Oil prices rose despite some downbeat reports about the global economy.
— The International Monetary Fund lowered its global growth forecast slightly due to continued financial troubles in Europe and slower expansion in China and India. The IMF expects the world economy to grow by 3.5 percent this year, down from a previous forecast of 3.6 percent.
— China said over the weekend that its economy was cooling off. Chinese Premier Wen Jiabao said the country has not yet entered into a recovery, and that its "economic difficulties may continue for some time." China is the world's second-largest oil consumer, after the U.S. If its economy slows, it's likely its demand for oil will fall as well.
— In the U.S., the Commerce Department reported that Americans cut back on spending at retail business in June. Retail sales have declined for three months in a row. That hasn't happened since the peak of the financial crisis in 2008. The dollar sank after the retail sales report was released, and that pushed the price of oil even higher. Oil, which is traded in dollars, tends to rise as the dollar falls and makes oil cheaper for investors holding foreign money.
At the pump, retail U.S. gasoline prices were relatively flat over the weekend, adding less than a penny from Friday to a national average of $3.396 per gallon, according to AAA, Wright Express and Oil Price Information Service.

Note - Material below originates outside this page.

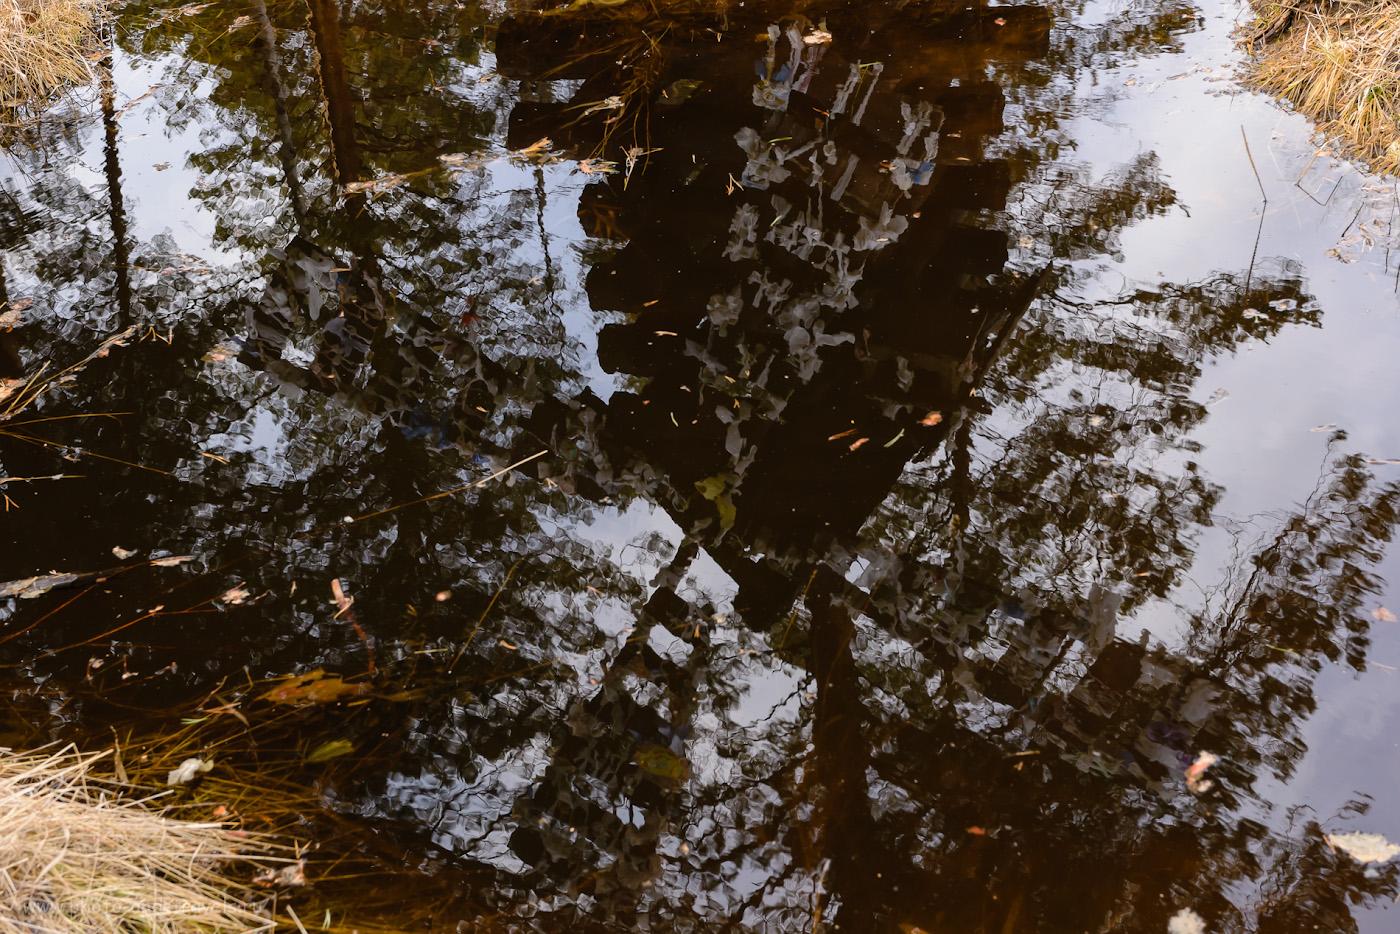 Изображение 33. Мельница в парке «Бажовские места». Отчеты о походе на Тальков камень. 1/125, -0.67, 8.0, 1100, 60.

Gasoline prices have dropped by an average of 54 cents per gallon since topping out close to $4 a gallon in April. They're also 28 cents per gallon cheaper than the same time last year.
In other futures trading, heating oil added 3.95 cents to end at $2.8277 per gallon, while wholesale gasoline rose by 3.86 cents to finish at $2.8547 per gallon. Natural gas fell by 7.3 cents to finish at $2.8010 per 1,000 cubic feet.